House at 530 20th Avenue




This Real Photo postcard from Bob Schroeder’s collection has a special meaning to him because it shows his grandmother’s house, the same grandmother, Emma Holtzer, from whom he inherited a rich trove of historic photo postcards.   Since many of the postcards show scenes in the same vicinity, he speculates that his grandmother may even have taken the photos, then had them printed on special postcard paper backing.

This home at 530 20th Avenue was the second home of Alphonse and Emma Holtzer, who moved in about 1919 and remained here for over fifty years.  Emma, nee Ferkel, was the great granddaughter of Col. George Davenport.  Her father, William, was the son of Davenport’s daughter, Elizabeth, and her husband, Nicholas Ferkel.

The postcard is dated 1919, soon after the Holtzers moved in.  It shows Mr. and Mrs. Holtzer, their son, Harold, and daughter, Dorothy, who would become Bob Schroeder’s mother, as well as an unidentified aunt, all standing beside the front porch.  Alphonse, who came to America with his family in 1892, was a painter and decorator during most his working life, working for Paridon in Rock Island and Strecker and Lewis in Davenport.  He also served a term as the First Ward Alderman beginning in 1928.
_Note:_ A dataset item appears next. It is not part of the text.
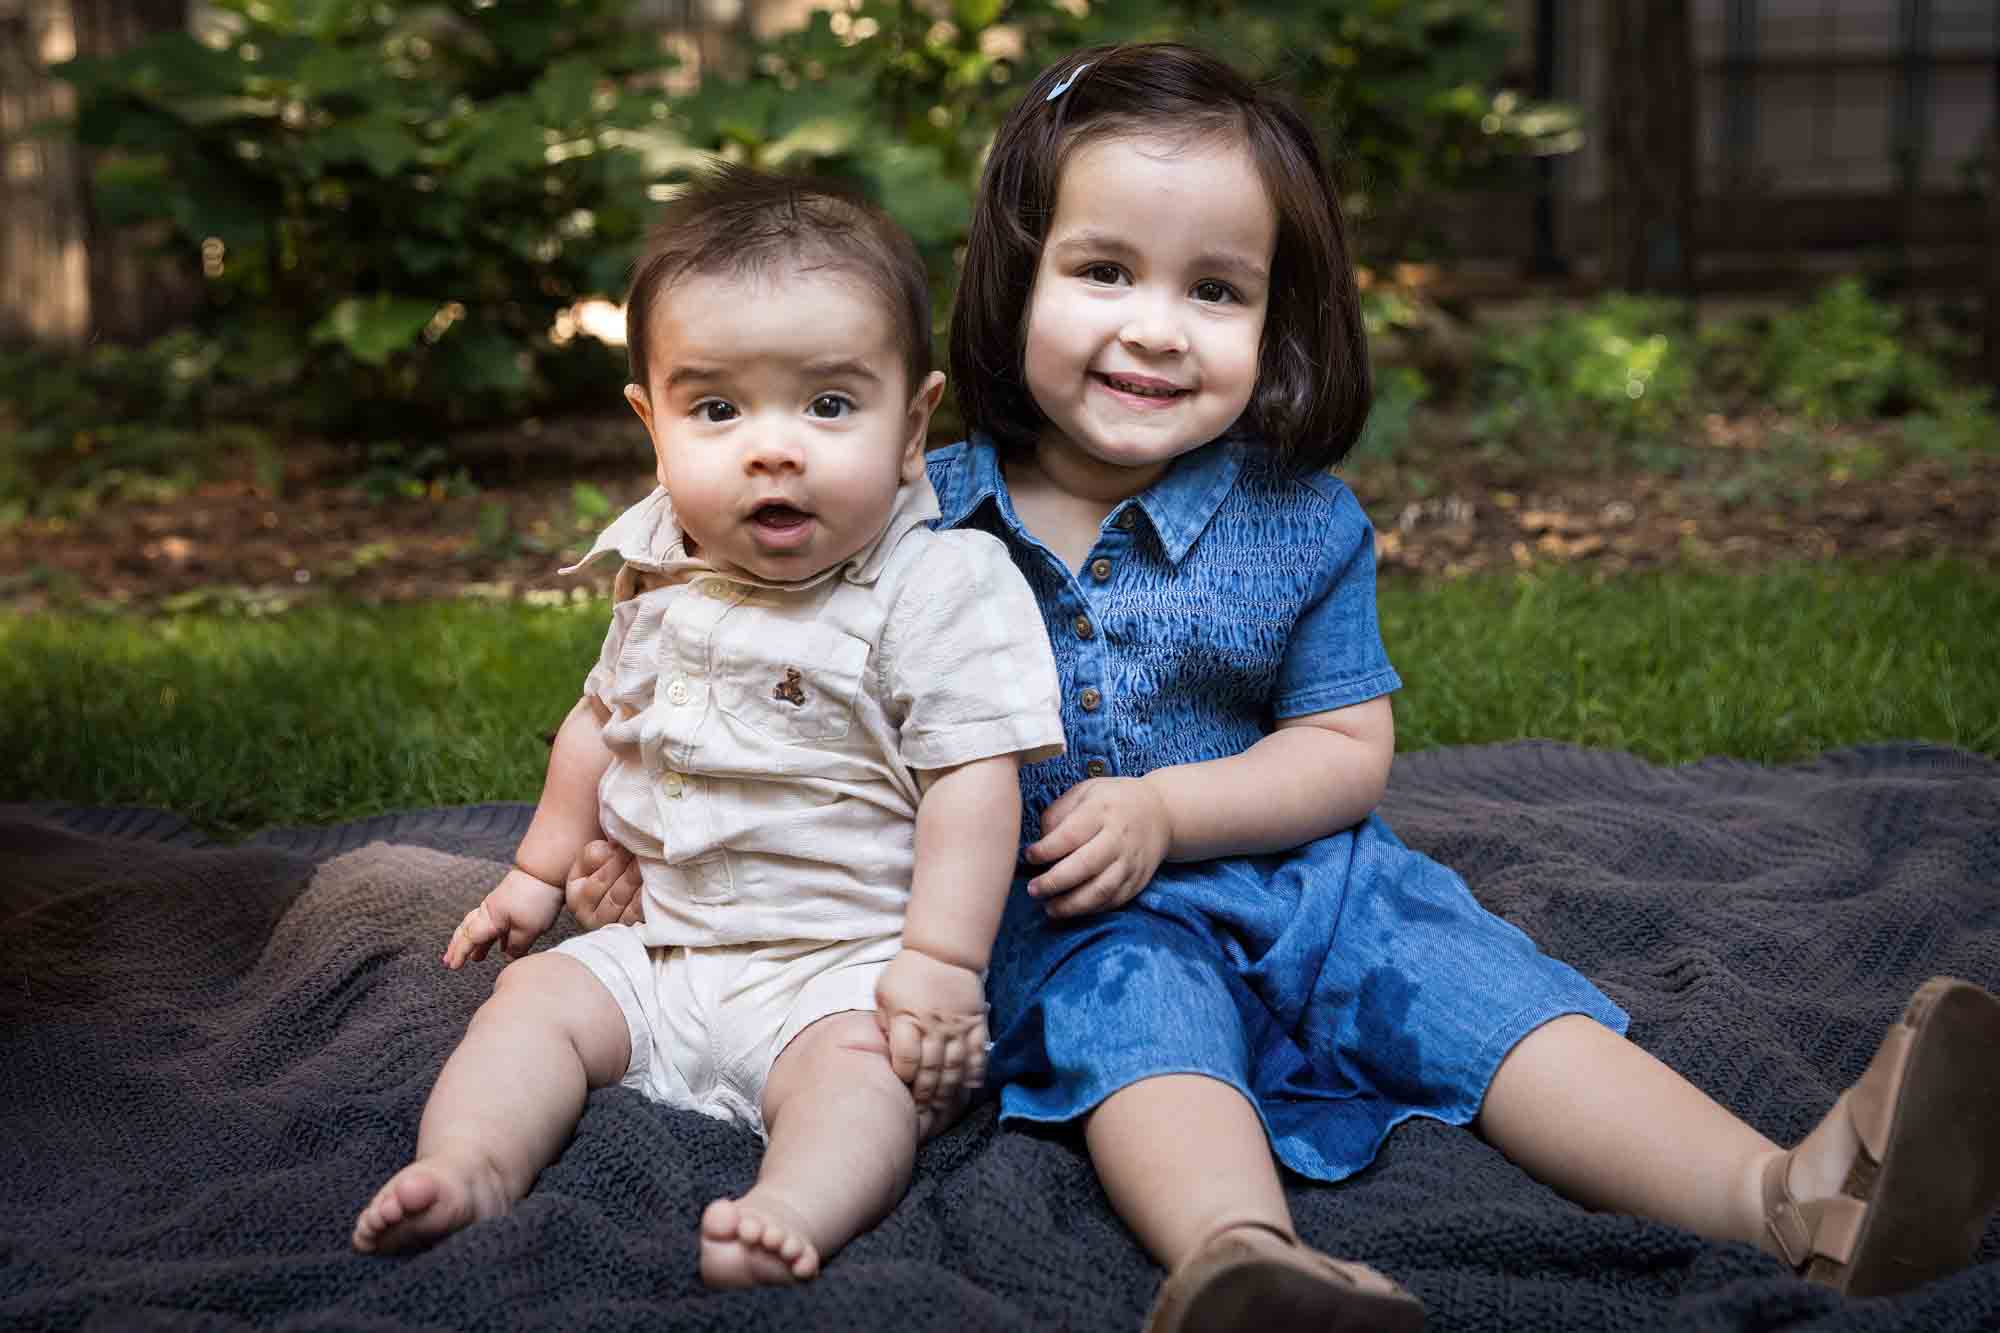 Little girl in blue dress holding baby brother on gray blanket during a Brooklyn Commons family portrait session

Before 1915, the house was outside the city limits and therefore did not conform to Rock Island’s street-numbering system. When it first appeared in City Directories circa 1913 with an address of 594 Michigan Avenue, South Rock Island, it was the home of plumber Walter Grotegut.  The home may have been built as early as 1890.  By that time, there were already a few houses here, just one block south of the popular county fairgrounds.

The clapboard siding, wider than that used between 1900 and 1920, is typical of the period before 1900.  There is little other architectural ornament, other than the diamond-shaped attic window and the oval first-floor window, to help date the house.  The large wraparound front porch likely dates from about 1910 when big porches were very popular, and the concrete block that supports the round columns was readily available.  Leaded panes can be seen in the rectangular window above the family group.

Today the house is easily recognized as the one on the postcard, although many changes have been made.  Contemporary siding hides the original clapboard and the distinctive attic window, while additions enclose the original open porch.

This article by Diane Oestreich is slightly modified from the original, which appeared in the Rock Island Argus and Moline Dispatch on May 7, 2006.